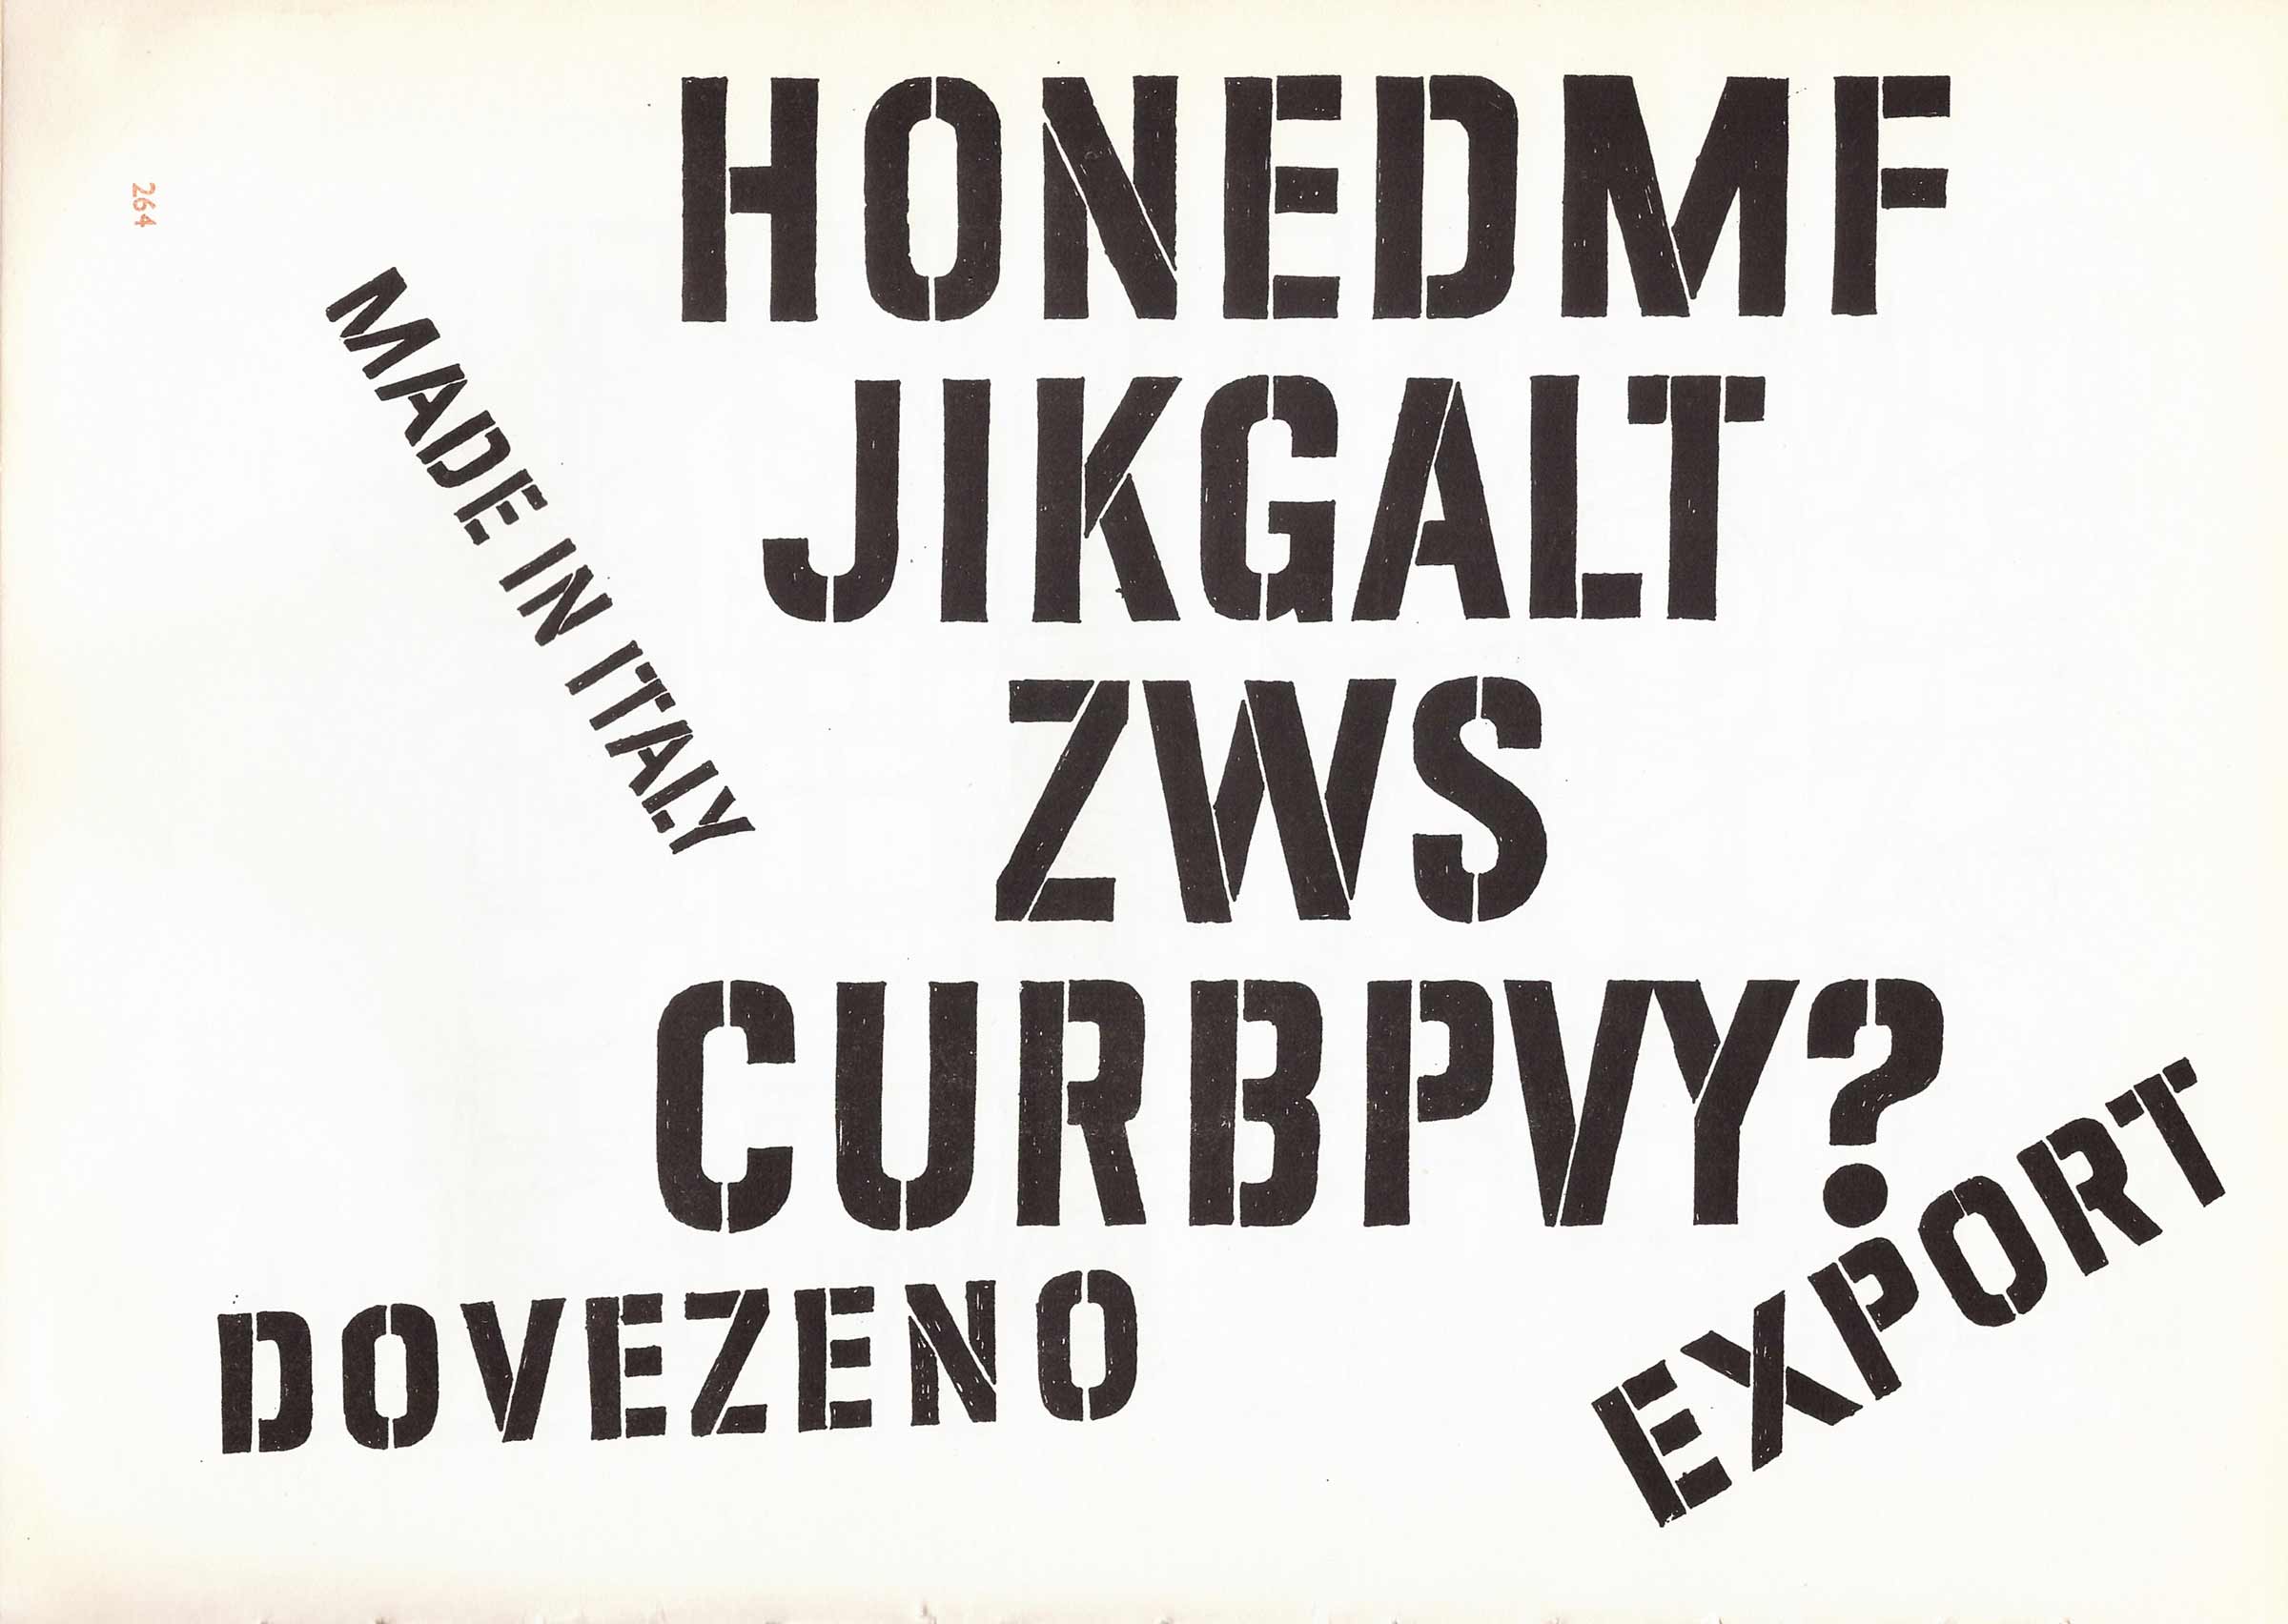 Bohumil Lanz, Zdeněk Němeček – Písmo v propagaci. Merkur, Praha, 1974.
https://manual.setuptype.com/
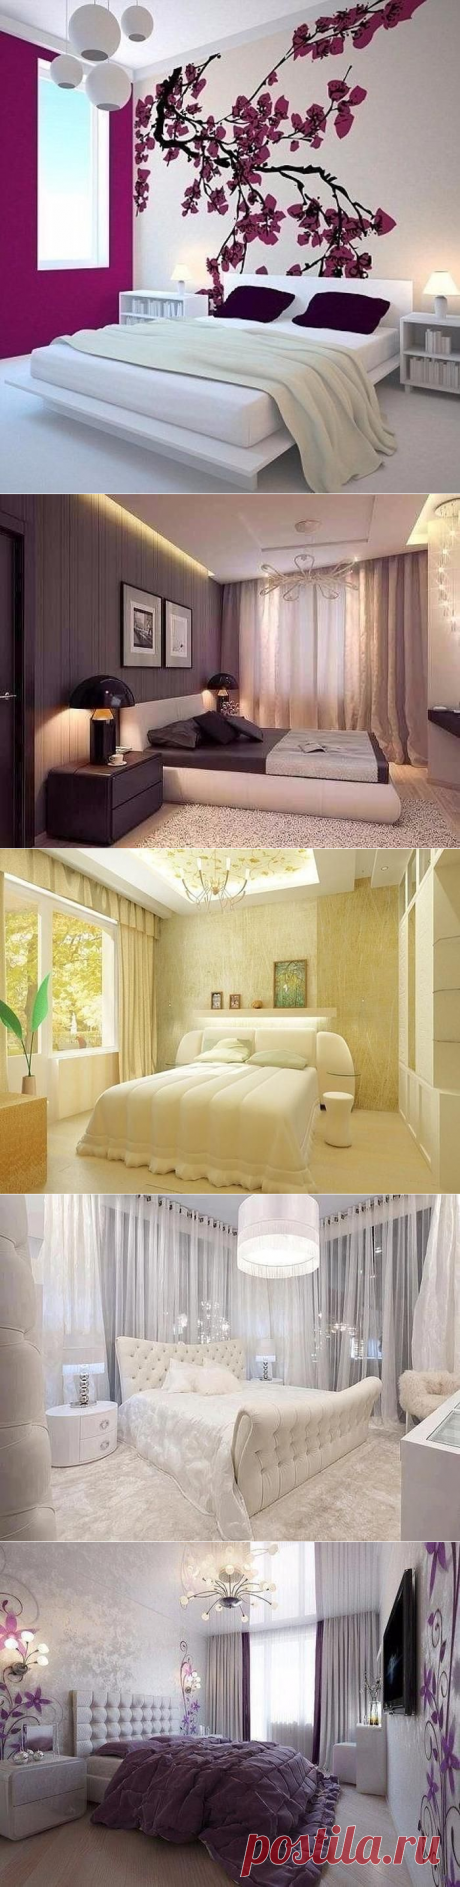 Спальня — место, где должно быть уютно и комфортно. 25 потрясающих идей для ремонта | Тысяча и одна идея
====
→ TASK TO CARRY OUT
Reproduce the material above in full, exactly, with no images.

→ ANSWER BELOW
 Bohumil Lanz, Zdeněk Němeček – Písmo v propagaci. Merkur, Praha, 1974.
https://manual.setuptype.com/
 Спальня — место, где должно быть уютно и комфортно. 25 потрясающих идей для ремонта | Тысяча и одна идея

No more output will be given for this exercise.